I’m sitting in the Arts Café, typing busily on an obnoxiously large laptop – in other words, I’m feeling rather metropolitan today.
When you’re in public, a laptop and an open Word document can entirely change your demeanour. Instead of lost and awkward, I feel purposeful.
The Bank of Ireland representatives floating around campus don’t see me and think: “oh, she’s an impressionable fresher – I should shower her with leaflets and promises of free stuff”, they think “she’s either a writer, a postgrad or a journalist – I’m staying as far away as possible.
Humans are funny creatures. We’re like worker ants and bees – we constantly need some sort of job, a purpose to reassure ourselves with. If you disrupt our paths or give us too many choices at once we mill around hopelessly, seeking external direction.
I think that’s why so many of us freshers are confused and impatient to start lectures. We need that structure and motivation in our lives.

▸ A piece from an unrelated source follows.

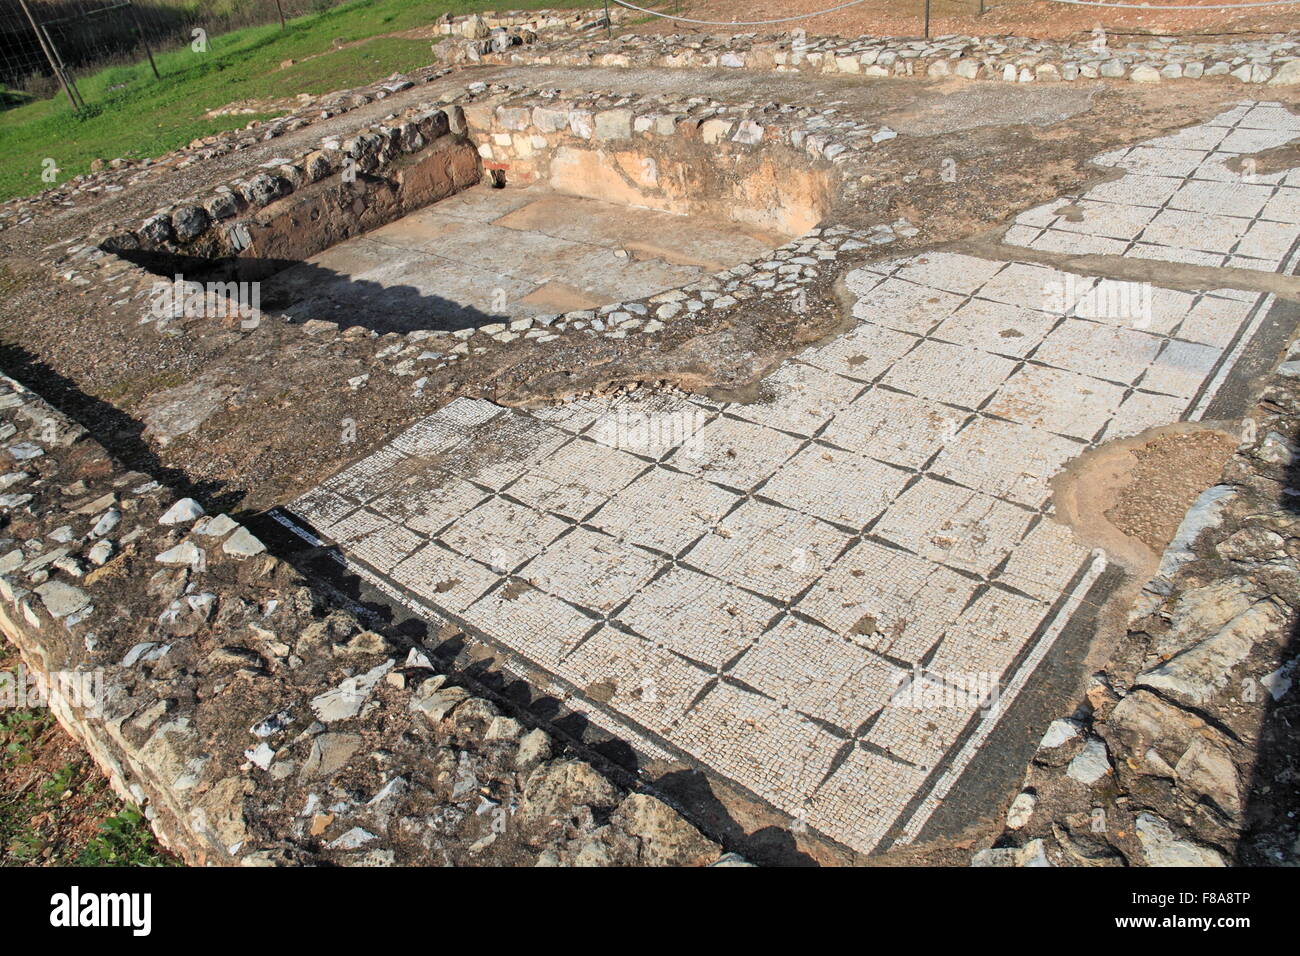 Frigidarium (bagno freddo), Cerro da Vila sito archeologico romano e museo, Vilamoura, Quarteira, Algarve, Portogallo, Europa Foto Stock

Socialising and partying have always been the activities that fill the cracks in our schedule, not the central focus of our days. It leaves you feeling rather listless. According to my roommates, it also leaves you feeling obliged to get drunk every night. I’m praying that their livers make it to the end of the week.
I’m staying in Trinity Hall, so regardless of whether I’ve been partying or not I haven’t been getting much sleep. There’s a person in the flat directly above me who is not a very good singer or dancer – but insists on singing and dancing well into the wee hours of the morning.
I’m not going to say anything. I’ll get used to the noise eventually, the way you get used to the ticking of a clock in a room. In the meantime it makes for good bedtime entertainment, and I’m curious to see whether their skills will improve as the year goes on.
Maybe I should slip a DU Dance leaflet under their door.
Other than that, my experience in Hall so far can be summarised as such: I can’t find my keycard. I break into a sweat and ransack my room looking for my keycard. After about an hour of searching I find my keycard tucked in a ‘safe place’ that I had forgotten about.
I breathe a sigh of relief. I put my keycard into a new ‘safe place’. I promptly forget where that ‘safe place’ is. The cycle repeats. On a less flippant note, Freshers’ Week has been getting a little easier and a little less overwhelming as each day passes.
I’m slipping into comfortable daily rituals, I’m becoming less awkward and stilted in conversation and I, as an unashamed nerd, am incredibly excited to start my studies here. I want to dive into familiar waters: I want to learn new things, read books and develop my thoughts.
There’s plenty of time for socialising in between all that.